Didn't follow your other question. You can always look at the result of
model.matrix to see if it is correct or dig into the
internal code. Personally, I've never found it to have a problem.
--jeff
On 3/5/2010 10:16 AM, blue sky wrote:
> On Fri, Mar 5, 2010 at 11:41 AM, Jeff Laake<Jeff.Laake at noaa.gov> wrote:
>
>> On 3/5/2010 9:19 AM, Frank E Harrell Jr wrote:
>>
>>> You neglected to state your name and affiliation, and your question
>>> demonstrates an allergy to R documentation.
>>>
>>> Frank
>>>
>> I agree with Frank but will try to answer some of your questions as I
>> understand it.
>>
>> First, model.matrix uses the options$contrasts or what is set specifically
>> as the contrast for a factor using contrasts(). The default is
>> treatment contrasts and for a factor that means the first level of a factor
>> variable is the intercept and the remainder are "treatment" effects
>> which are added to intercept. If you specify Y~A+B+A:B, you are specifying
>> the model with main effects (A, B) and interactions (A:B).
>>
> So my interpretation of how R does internally when dealing with
> interaction terms A:B is to look if each individual term (each sub
> interactions in highway interactions like, A:B, A:C, etc., in A:B:C:D)

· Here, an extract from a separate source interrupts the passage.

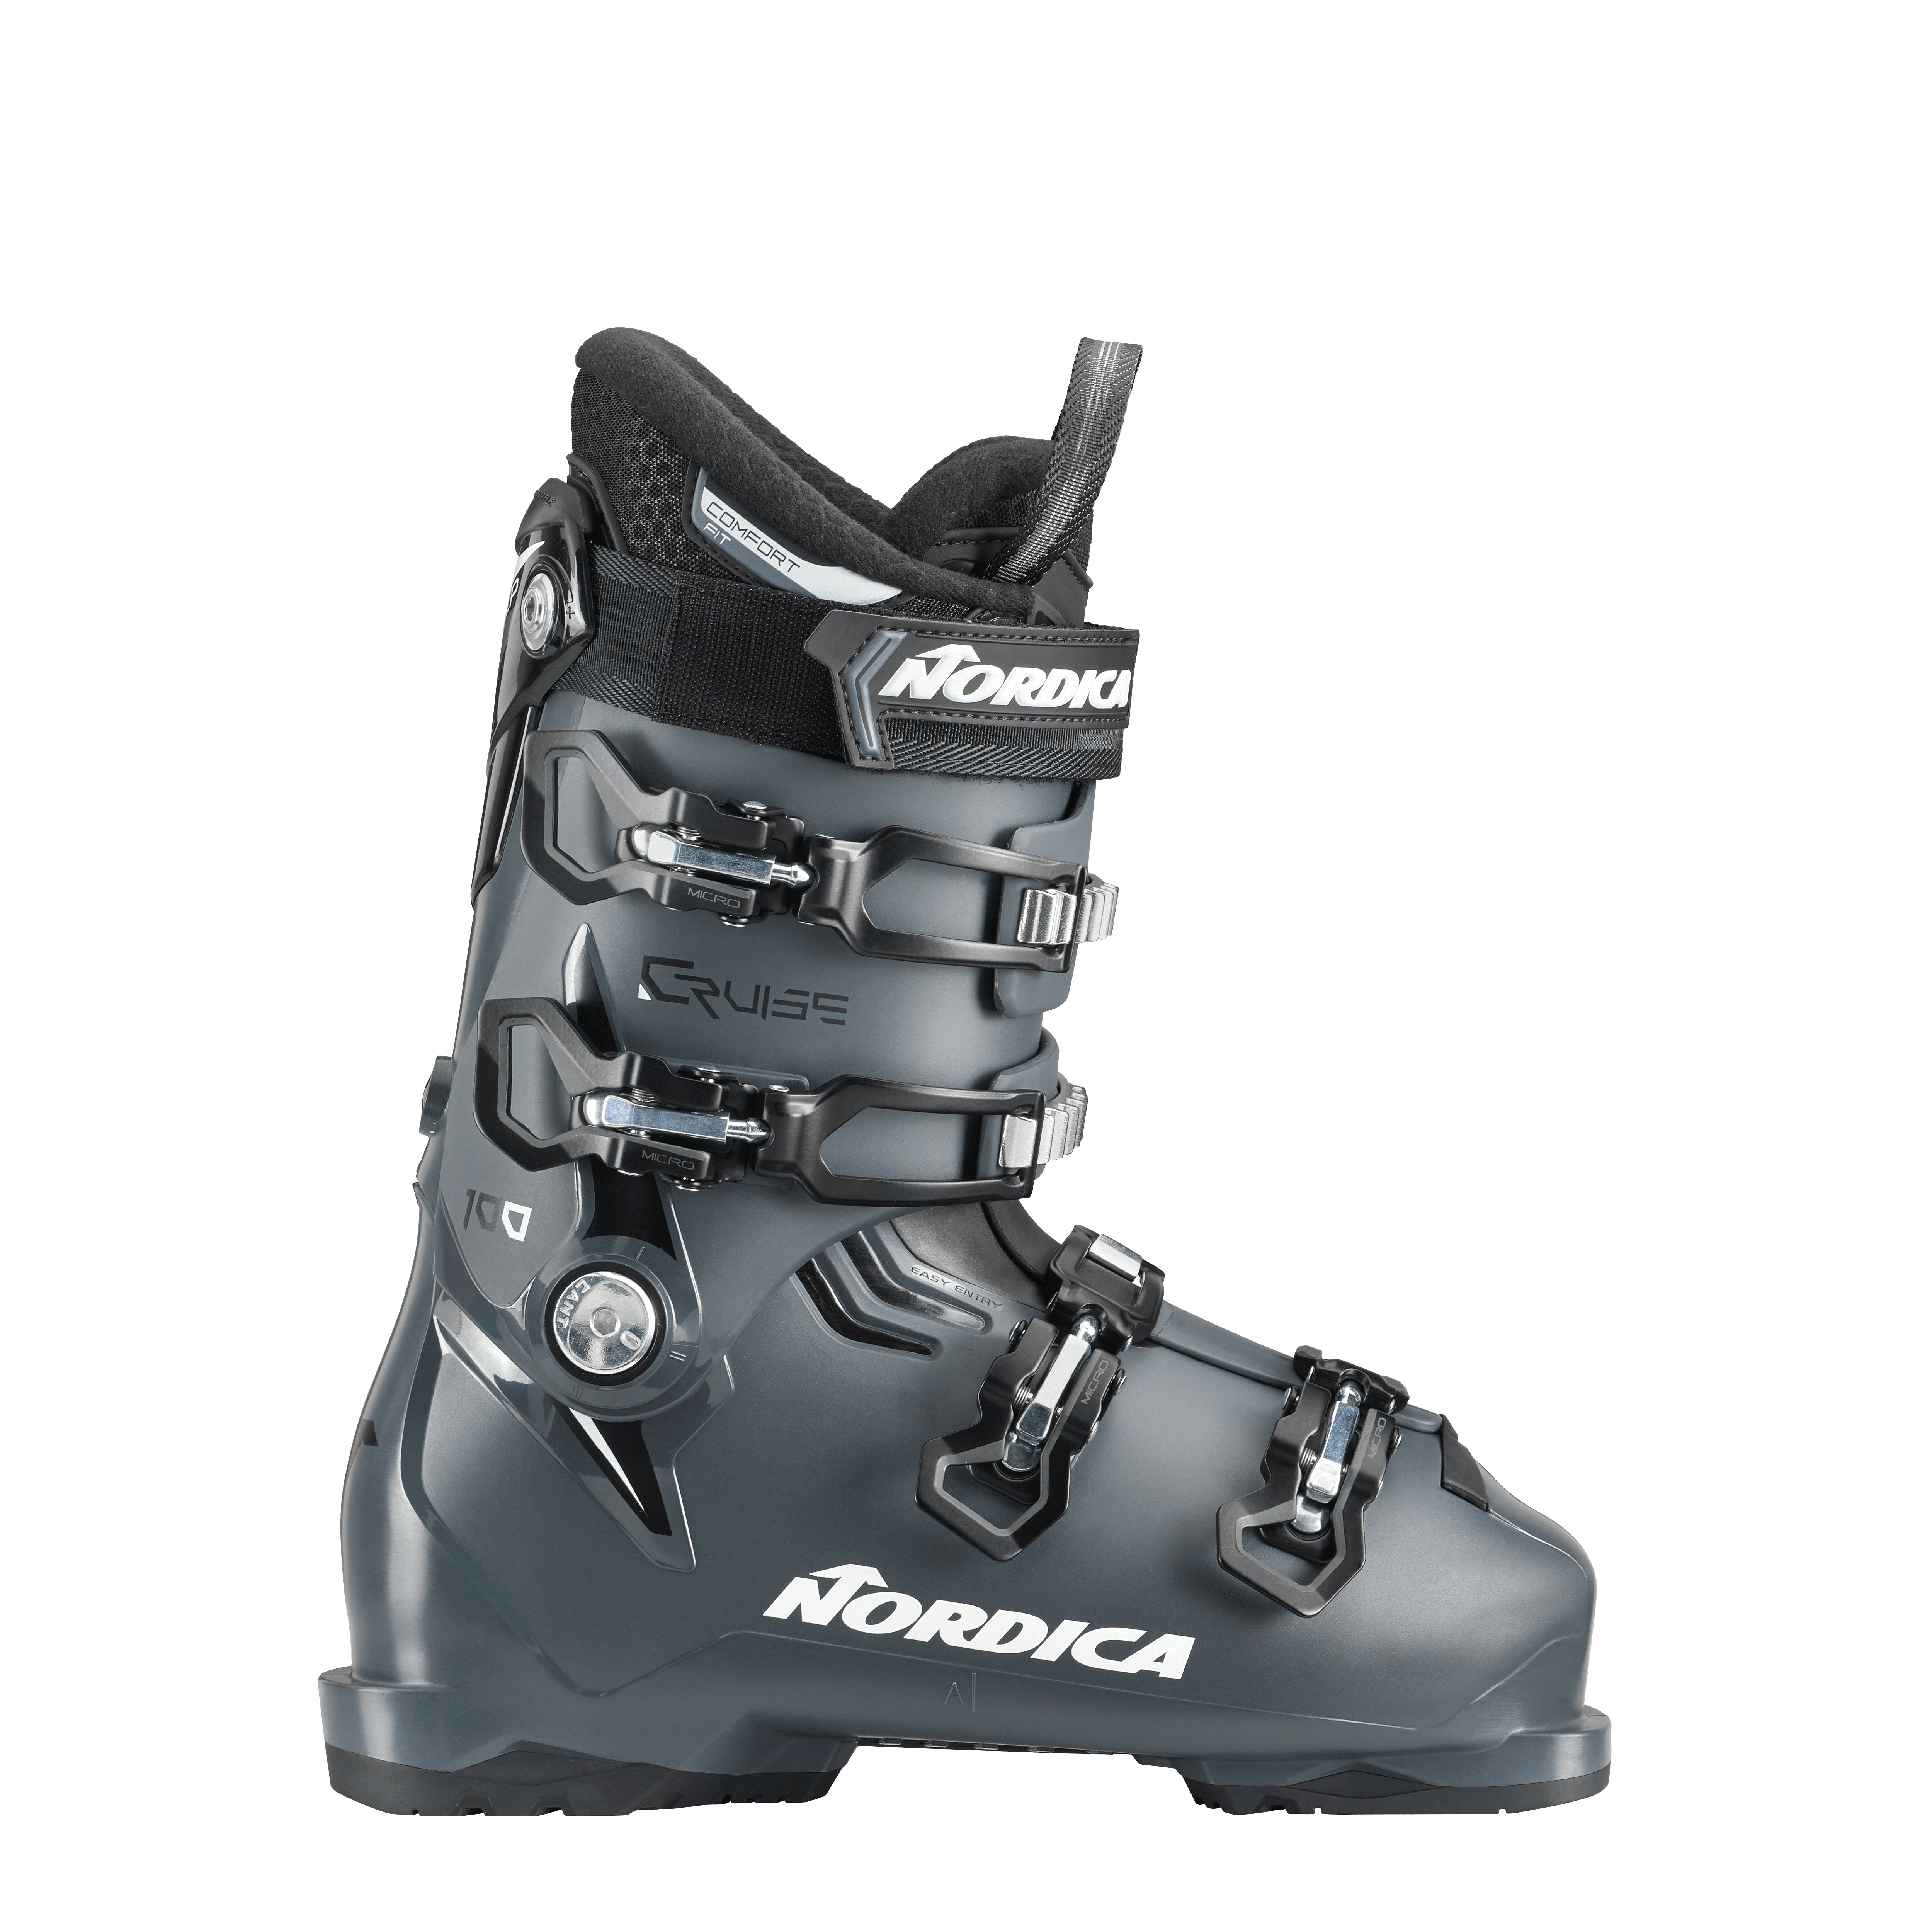 Cruise Nordica - Skis and Boots – Official website

> appears in the formula or not, and deciding how to construct the
> columns of the model matrix according to A:B, right?
>
> This seem quite complicated when a formula is arbitrarily complex, let
> along different type of data (namely ordered, not ordered, numerical
> numbers). The piece of information that I feel that is still missing
> to me is the detailed procedure that R generate model.matrix for
> arbitrary complex formulas and how it is proved the way that R does is
> always correct for these complex formulas.
>
>
>> If A has m levels and B has n levels then there will be an intercept (1),
>> m-1 for A, n-1 for B and (m-1)*(n-1) for the interaction.
>> If you specify the model as Y~A:B it will specify the model fully with
>> interactions which will have m*n separate parameters and none will be
>> NA as long as you have data in each of the m*n cells. It makes absolutely
>> no sense to me to have an intercept and then all but one of the
>> remaining interactions included.
>>
> I think that 'Y ~ A:B' indeed has the intercept term unless '-1' is
> included. You may need to adjust your interpretation of A:B and A:B -1
> in these cases.
>
>> dim(my_subset(model.matrix(Y ~ A:B - 1,fr)))
>>
> [1] 12 12
>
>> dim(my_subset(model.matrix(Y ~ A:B,fr)))
>>
> [1] 12 13
>
>
>
>> Note that you'll get quite different results if A and/or B are not factor
>> variables.
>>
>> --jeff
>>
>>> blue sky wrote:
>>>
>>>> The following is the code for the model.matrix. But it still doesn't
>>>> answer why A:B is interpreted differently in Y~A+B+A:B and Y~A:B. By
>>>> 'why', I mean how R internally does it and what is the rational behind
>>>> the way of doing it?
>>>>
>>>> And it didn't answer why in the model.matrix of Y~A, there are a-1
>>>> terms from A plus the intercept, but in the model.matrix of Y~A:B,
>>>> there are a*b terms (rather than a*b-1 terms) plus the intercept.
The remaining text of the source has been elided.